#### Dataset excerpt:
•••••

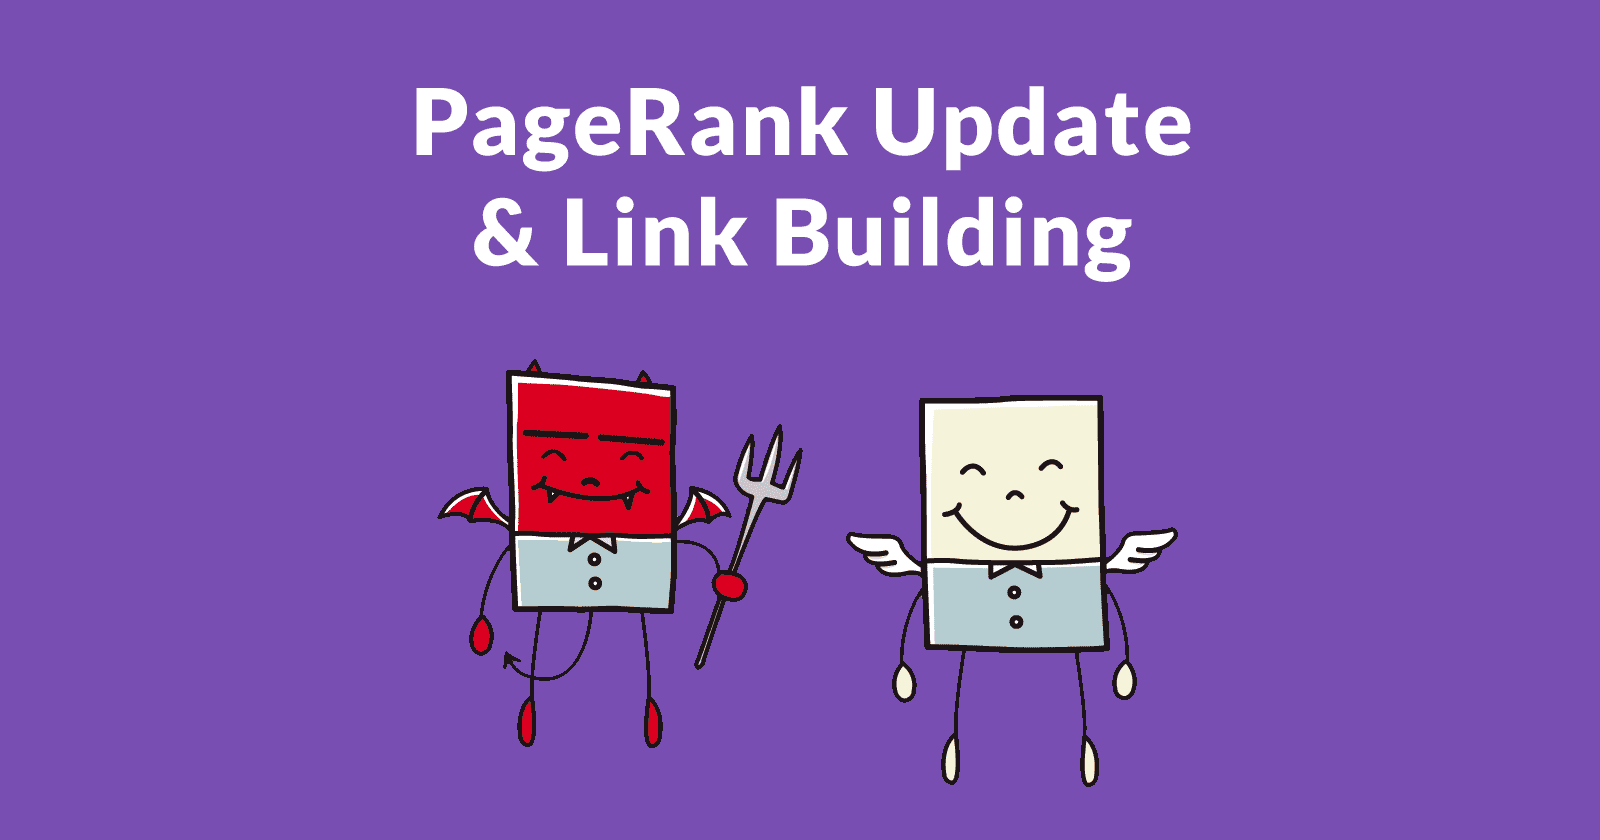 Comment augmenter le PageRank d'un site ?
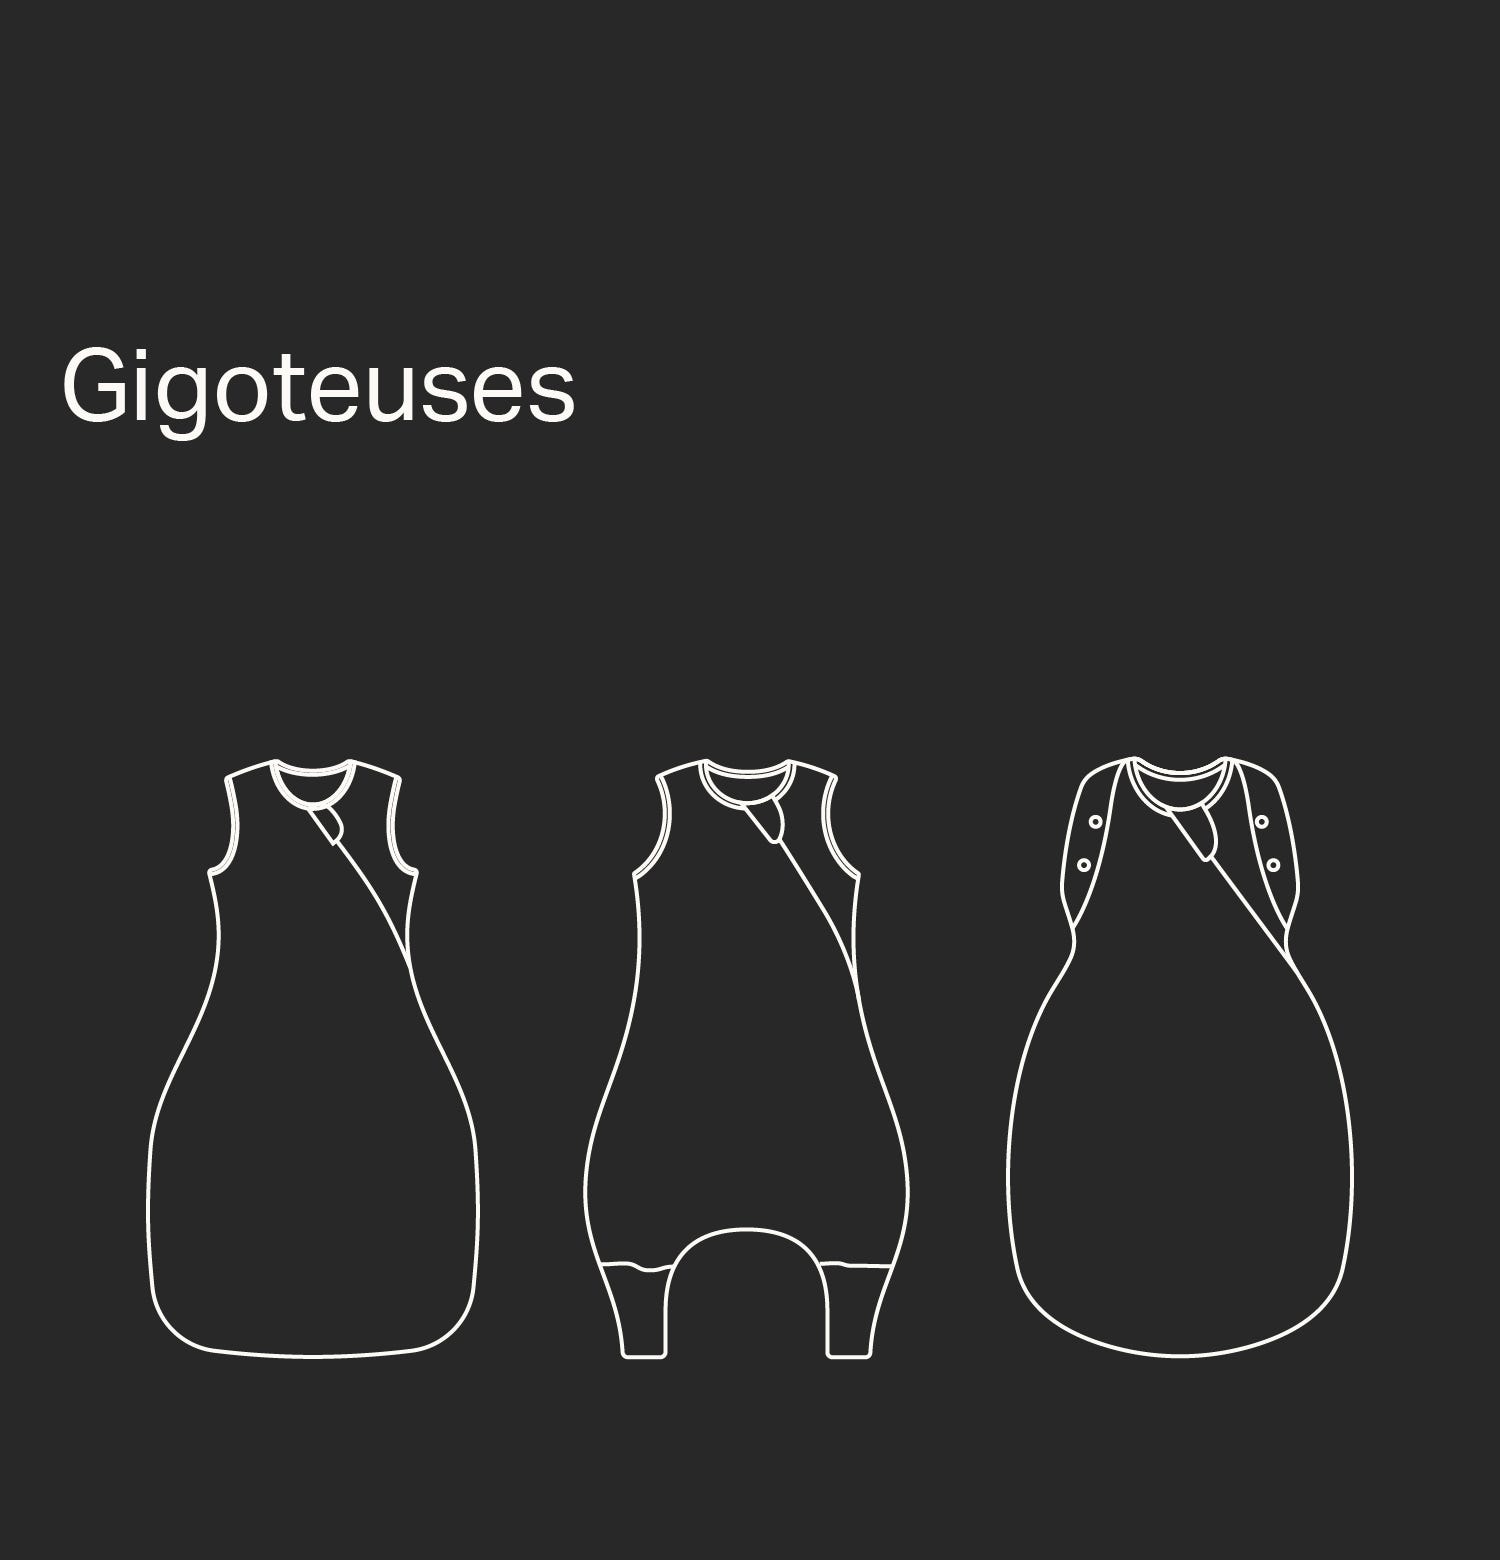 Gigoteuses
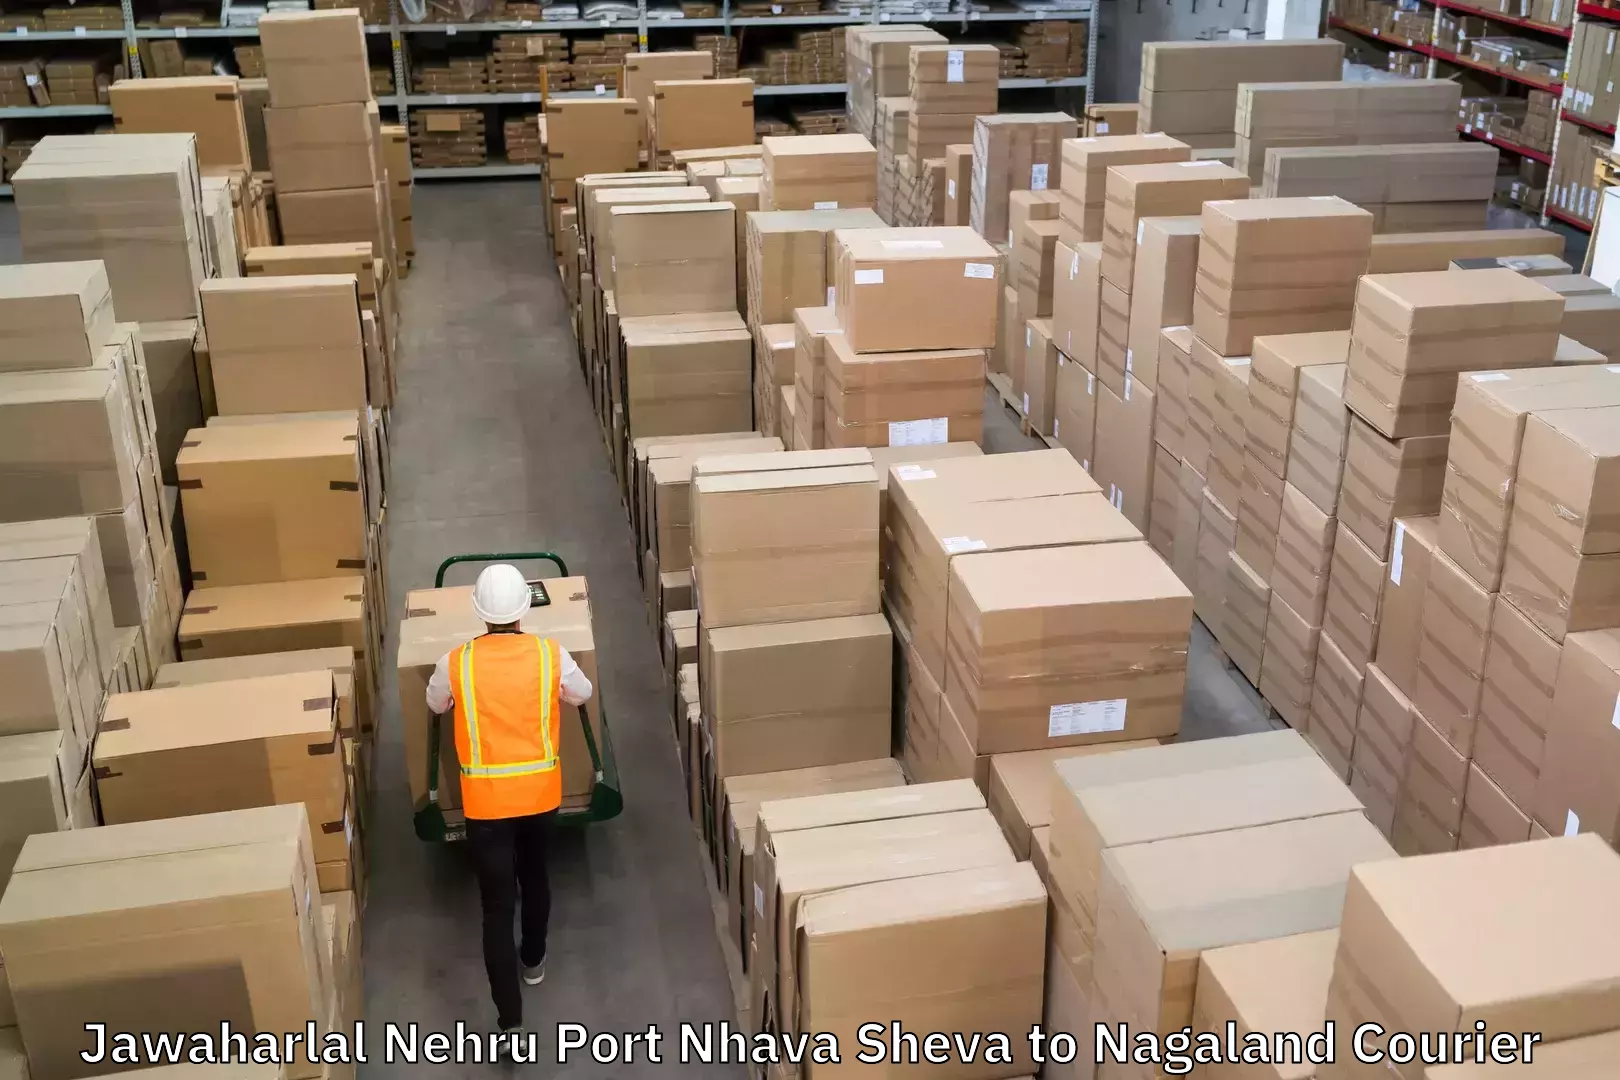 Special handling courier Jawaharlal Nehru Port Nhava Sheva to Nagaland

•••••

#### Directions for this task:
The data must come back word for word, with every picture removed.

#### Answer to this problem:
 Comment augmenter le PageRank d'un site ?
 Gigoteuses
 Special handling courier Jawaharlal Nehru Port Nhava Sheva to Nagaland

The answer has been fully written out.